*DATA BLOCK*:

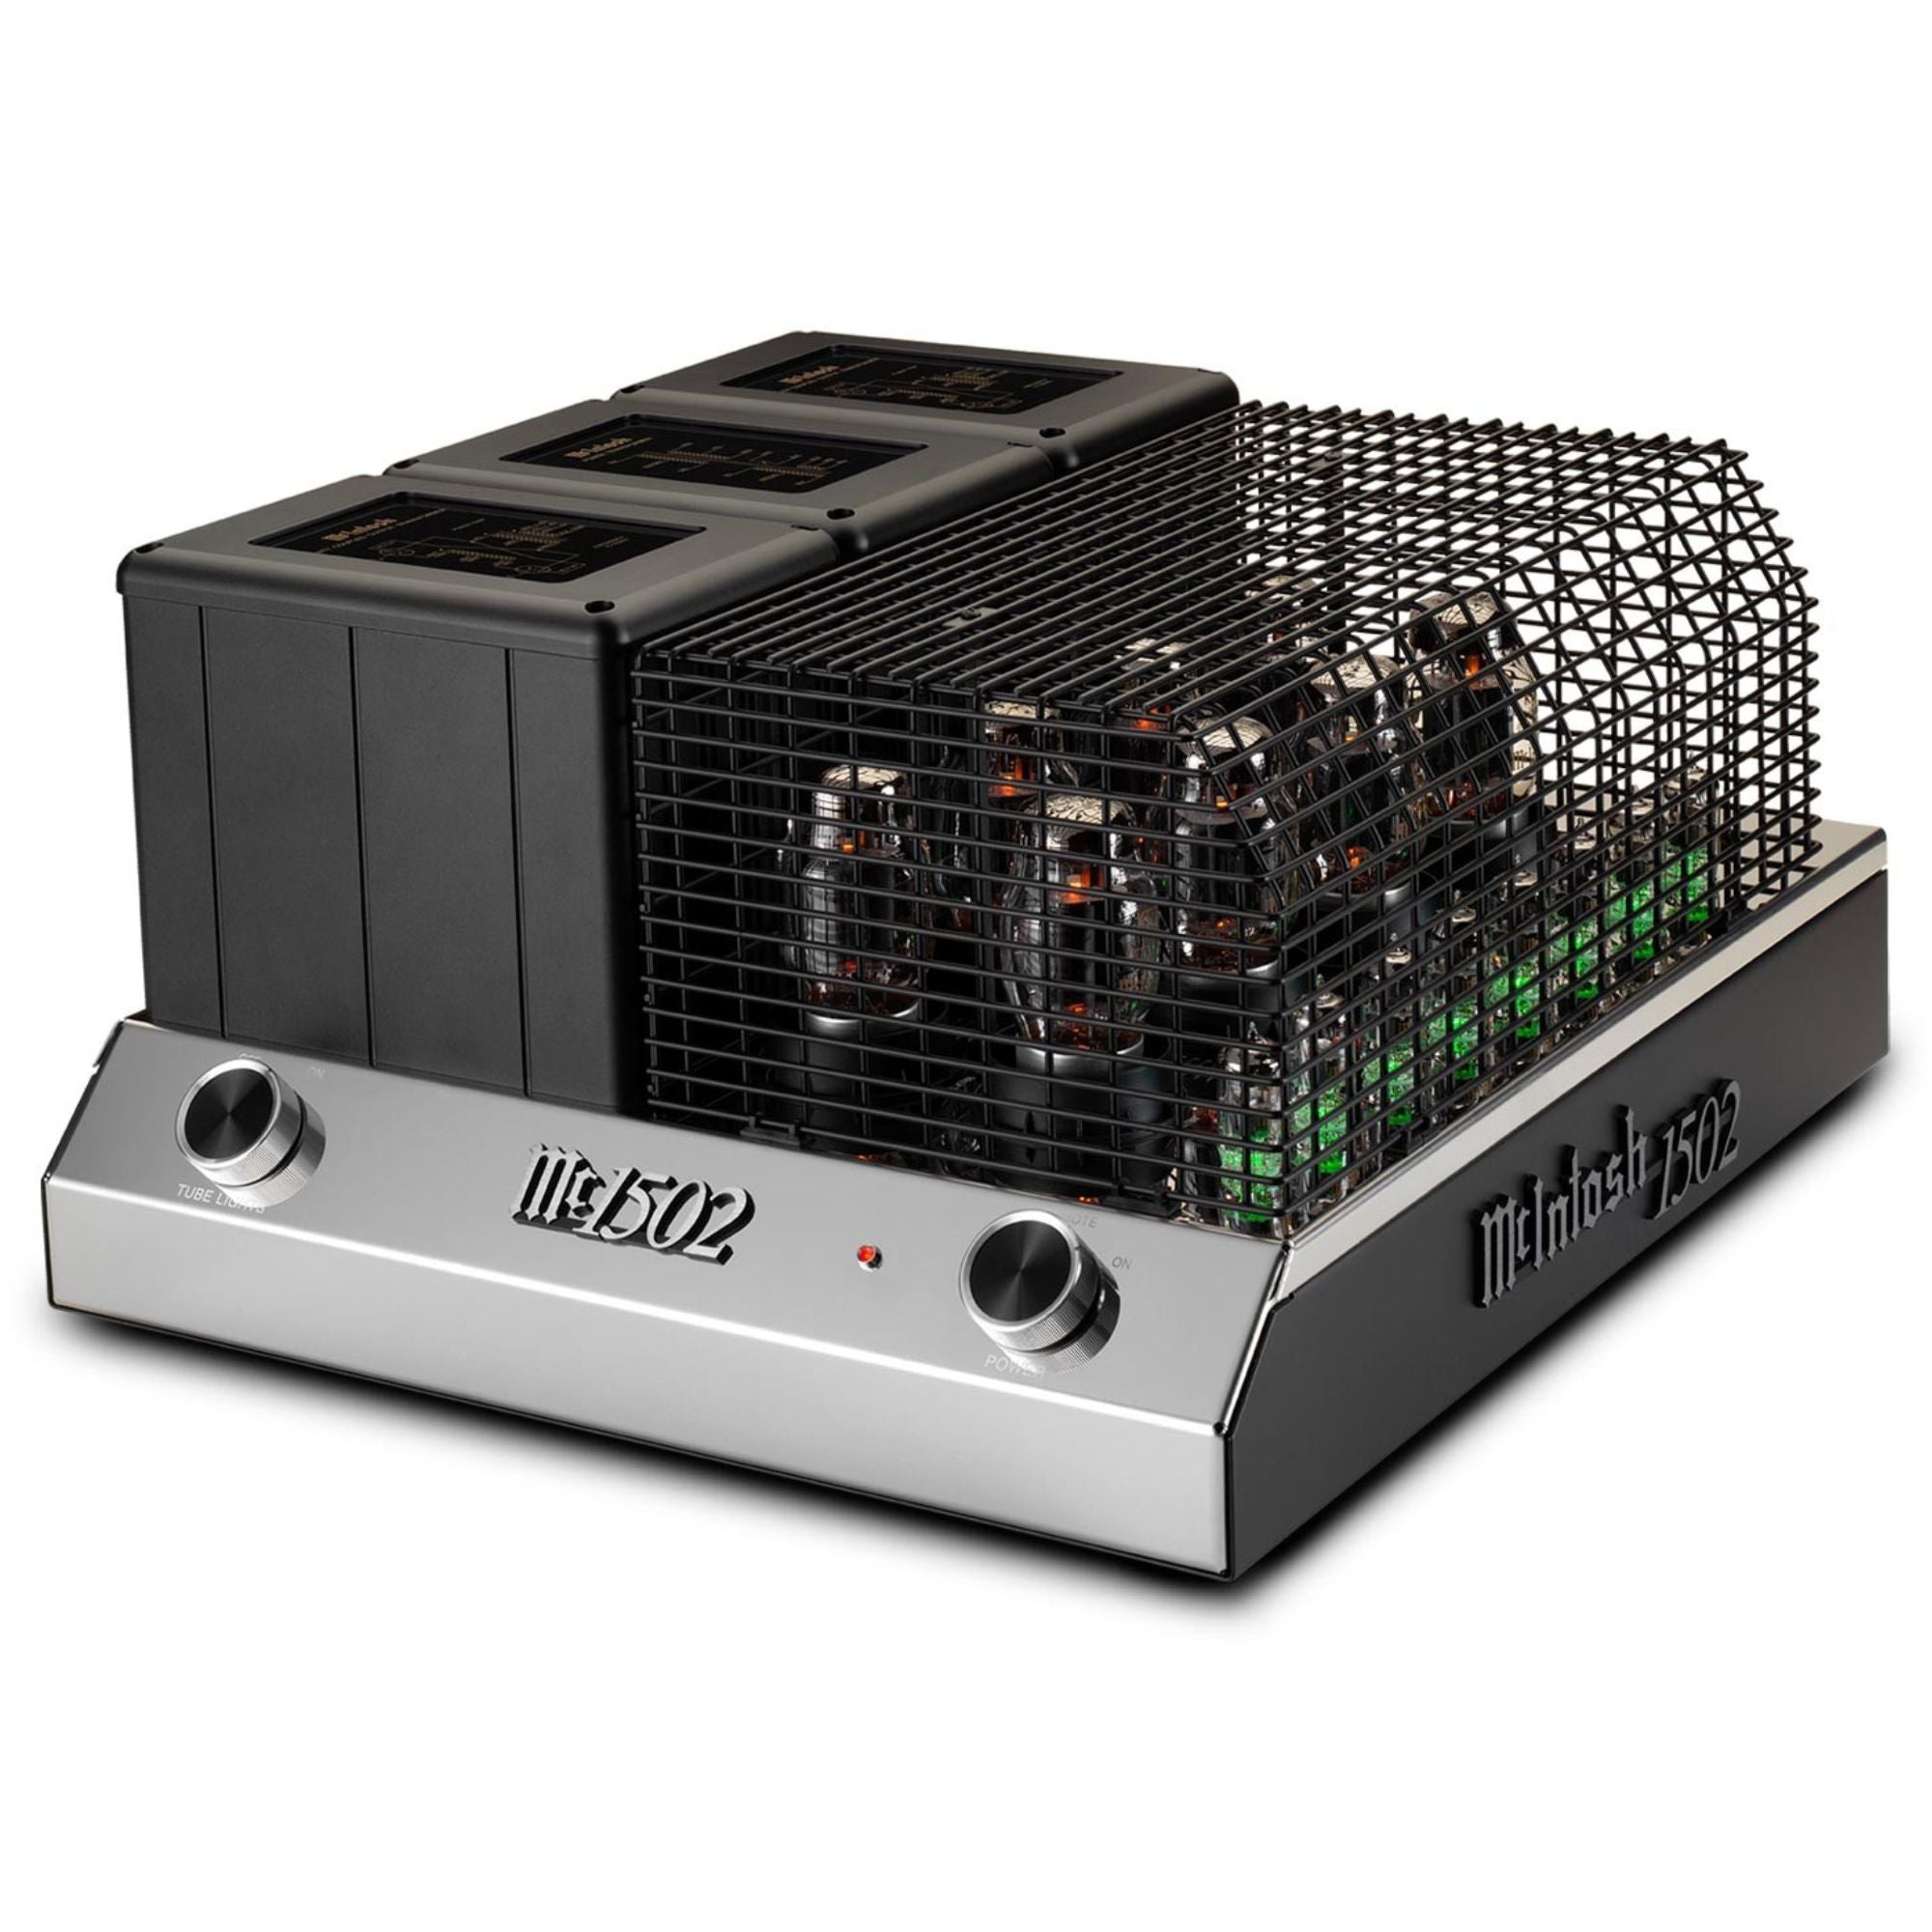 McIntosh Labs MC1502 - 2 Channel Vacuum Tube Power Amplifier - AVStore
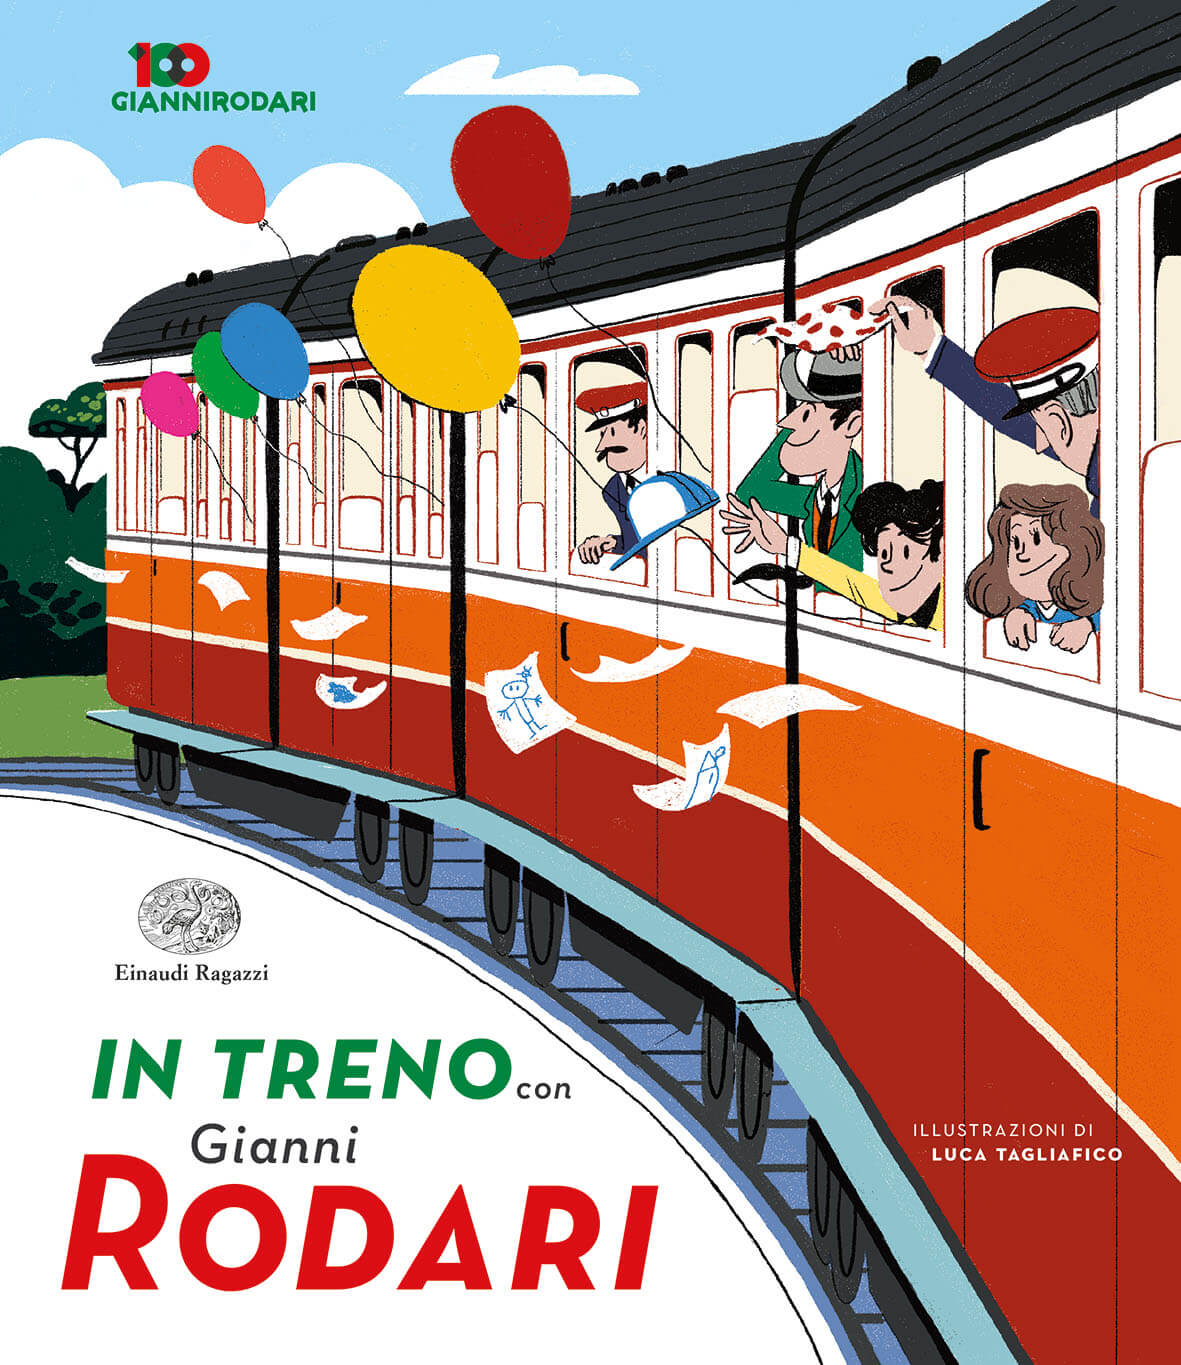 In treno con Gianni Rodari - Rodari/Tagliafico | Einaudi Ragazzi
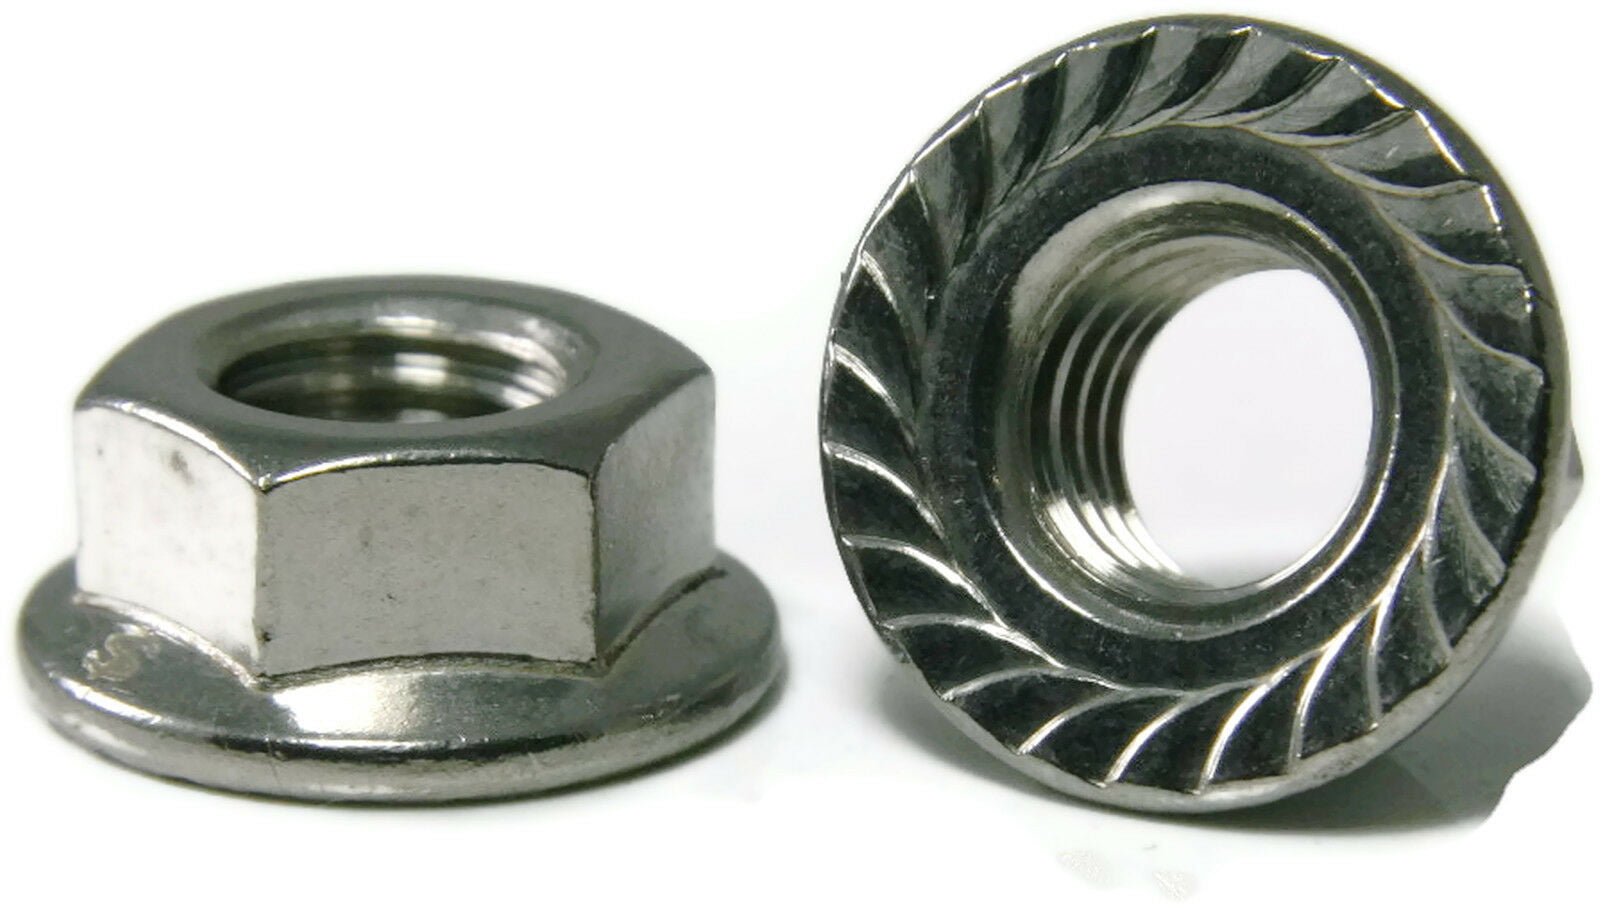 Qty 50 Stainless Steel Nylon Insert Lock Hex Nut UNF 5/16-24

*DIRECTIONS*: Make an exact copy of the listing, with no images in it.

*PROBLEM SOLUTION*:
 McIntosh Labs MC1502 - 2 Channel Vacuum Tube Power Amplifier - AVStore
 In treno con Gianni Rodari - Rodari/Tagliafico | Einaudi Ragazzi
 Qty 50 Stainless Steel Nylon Insert Lock Hex Nut UNF 5/16-24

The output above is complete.